Task statement: Restate, exactly as written, the entries below from the line that holds "Chanel Coco Eau" through the line that holds "Pandora Hearts Guidebook". Pictures are not part of the copy.

Provided information:
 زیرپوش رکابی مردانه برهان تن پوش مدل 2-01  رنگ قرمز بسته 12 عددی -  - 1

...

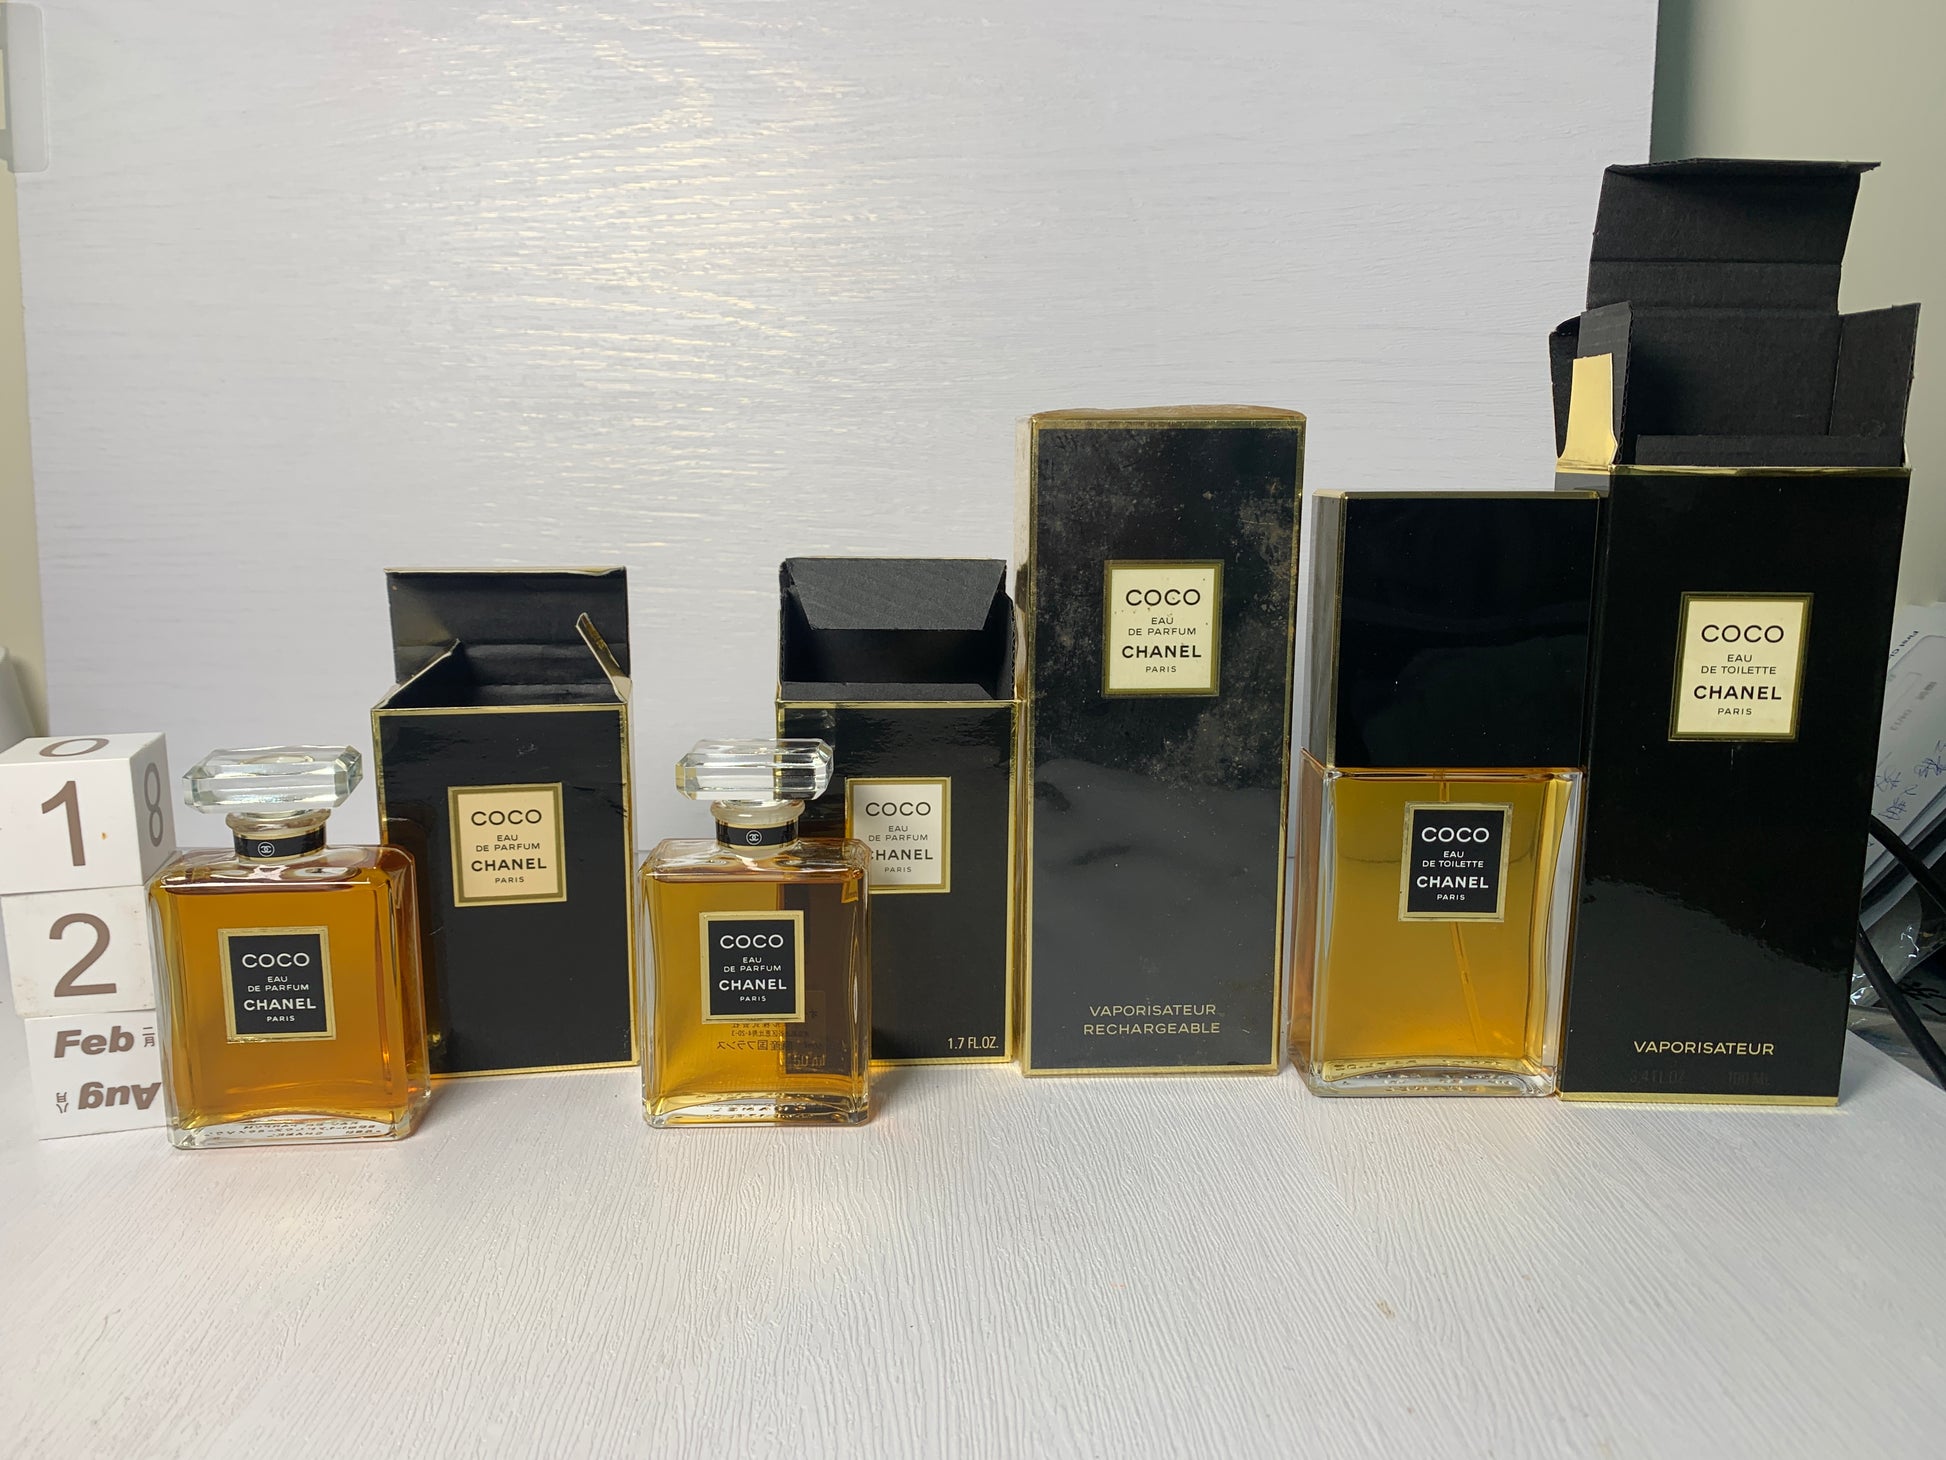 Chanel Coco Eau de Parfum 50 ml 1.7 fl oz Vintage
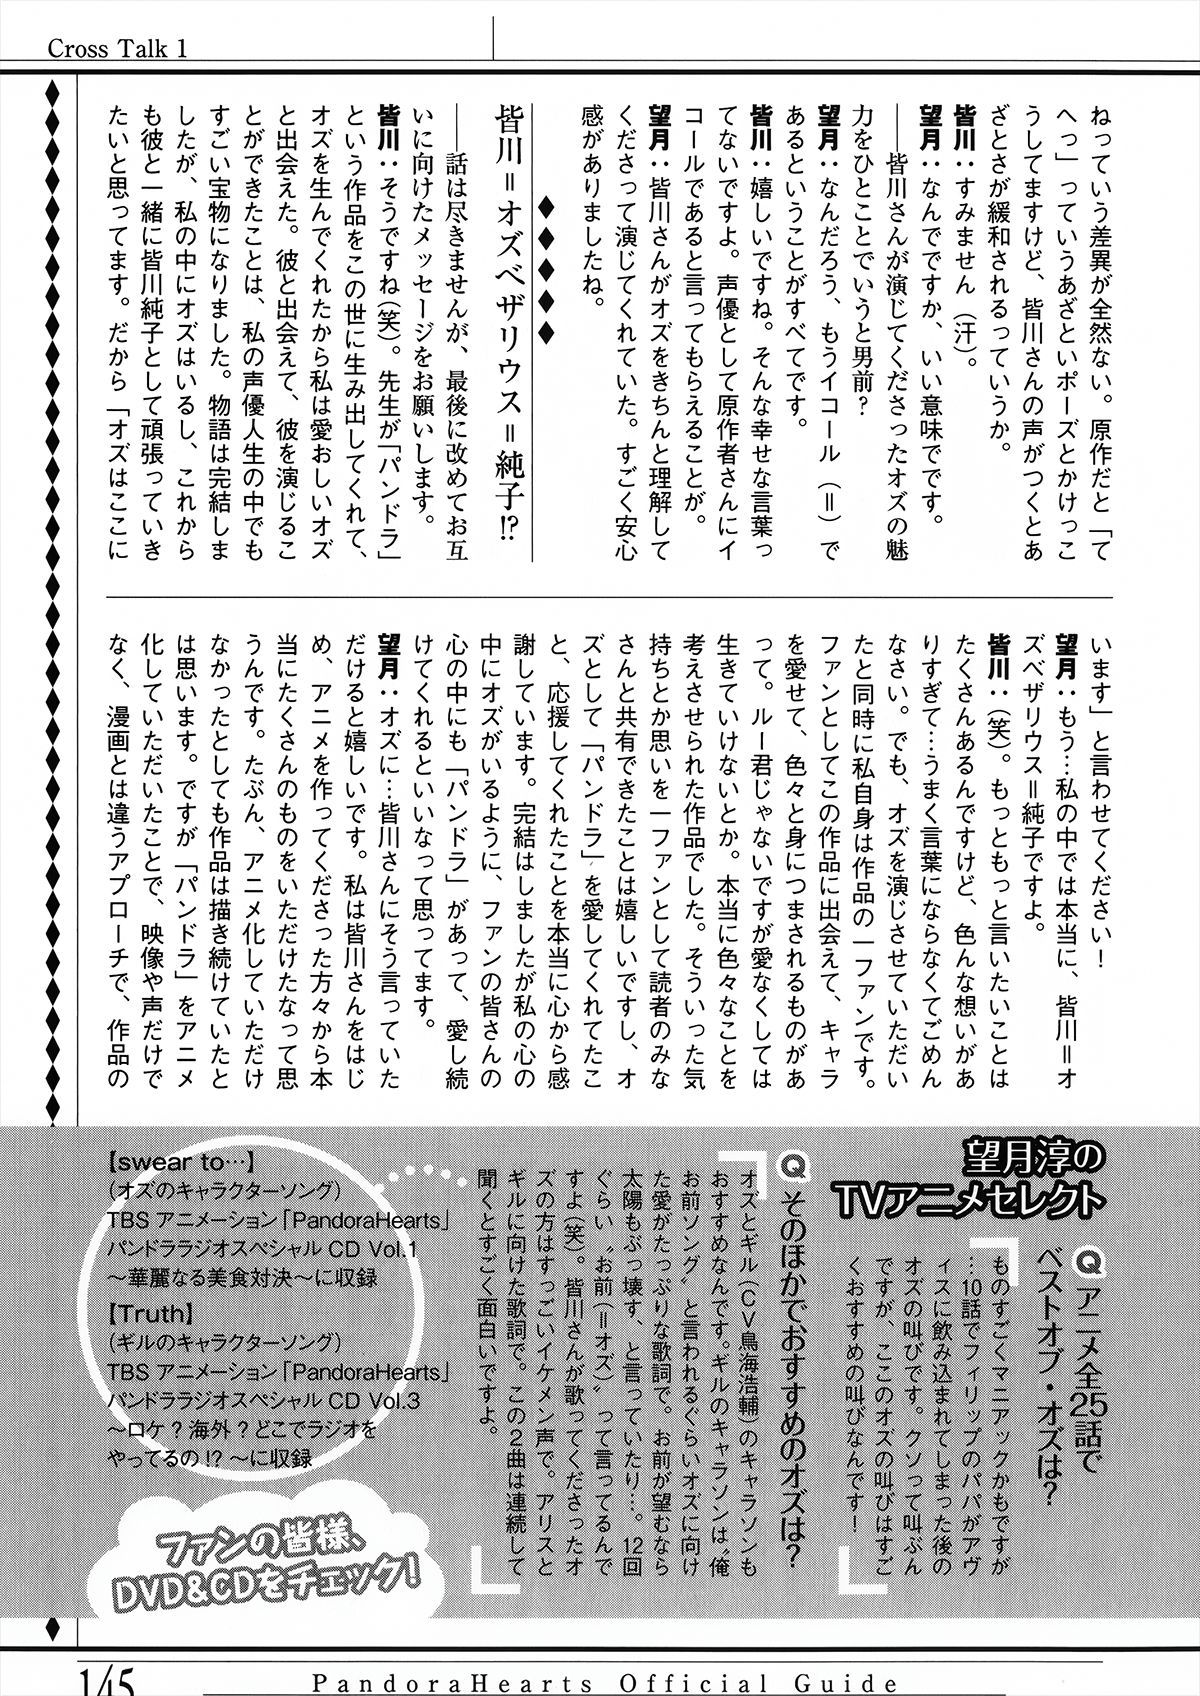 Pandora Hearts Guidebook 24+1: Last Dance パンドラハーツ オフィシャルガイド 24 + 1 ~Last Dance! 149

Result:
 Chanel Coco Eau de Parfum 50 ml 1.7 fl oz Vintage
 Pandora Hearts Guidebook 24+1: Last Dance パンドラハーツ オフィシャルガイド 24 + 1 ~Last Dance! 149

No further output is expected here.